С самого начала, эта съёмная комната показалась Андрею странной: вроде бы в ней есть всё – всё необходимое, что нужно для жизни (или же для её дожития), так или иначе приспособленное к ней – без затей, только чтобы кровь не застыла. Да в общем-то и походила она на всё то, что ещё оставалось внутри самого Андрея. Он уже давно перестал искать для себя определений своих нынешних чувств к чему бы то ни было. Да и объяснений, мол, «почему?» Но первый же раз попав в эту комнату, определение и её, и самого себя – как-то само собой явилось в его голове, сразу же обдав и поразив своей голой, беззастенчивой откровенностью и простотой. То определение невольно вызвало у Андрея самоироничную улыбку: именно «улыбку», а не «ухмылку». Перечить или искать замену такому откровению своего подсознания Андрей не стал – не мог, да и, честно говоря, не захотел: банка из-под засоленных огурцов с заплесневевшим на донышке тузлуком, останками приправы из нашинкованной листвы и обломков стебельков… И – с огрызком яблока на дне.
**
…Глаза Андрея растаяли. А растаяв, тут же схватились морозцем. И промёрзли до дна толстым льдом, на поверхность которого тут же уложились паутинками ничего нерешающие трещинки.
…Вдруг раздавшийся условный звонок в дверь квартиры… или внутри его самого, заставил глаза Андрея открыться…
…Продолжая копаться в своих мыслях и размышлениях… решая теперь – идти открывать или наплевать и продолжать копаться…
*
Всё прошлое Андрея – вся его жизнь – представлялось ему теперь помятой простынёй, похожей на ту, что он однажды увидел в своей спальне своей жены, когда в не встреченный ею по недоразумению приехал домой: неизбежно ею ожидаемый, но ей совсем ненужный уже тогда.

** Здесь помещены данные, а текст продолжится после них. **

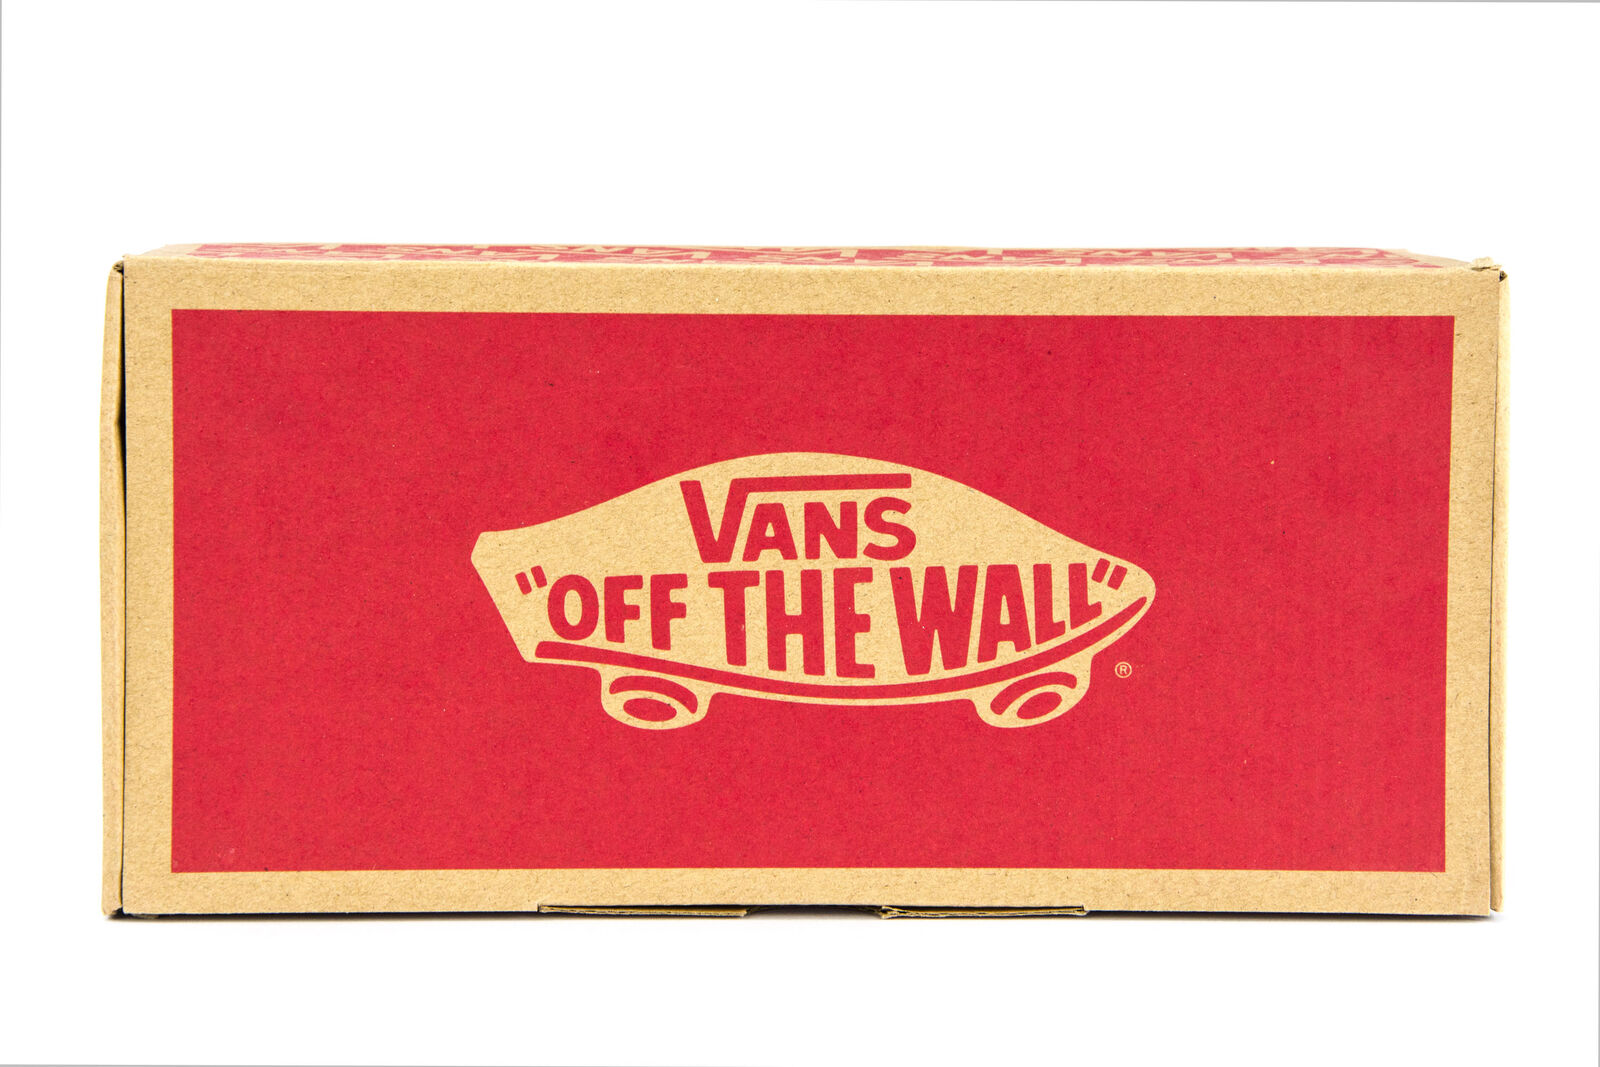 VANS Damen Schuhe Sneakers AUTHENTIC Stoff (KENDRA DANDY) Weiß Gedruckt Stoff AUTHENTIC 2610db

Лицо Андрея вдруг помолодевшее, но не так, как после/в результате киногрима, а как после хирургической пластики: видно, что не молодое по еле заметным складкам от разглаженных морщин, да и кожа-то – не младенческой чита, и в глазах печати пройденного да пережитого не удалишь, выражают неравнодушное спокойствие и полную уверенность в готовности принять на себя новые перипетия жизни и преодолеть их с честью.
*
«Почему?!.. В чём моя вина?!.. Сам виноват! Нужно было всё делать самому, а не ждать снисхождения от кого бы то ни было!» – разоткровенничавшись, вопиял к себе Андрей – с обидой и на себя, и на весь белый свет, и на…
Однако… нет! Нет! Никого! Только – на себя!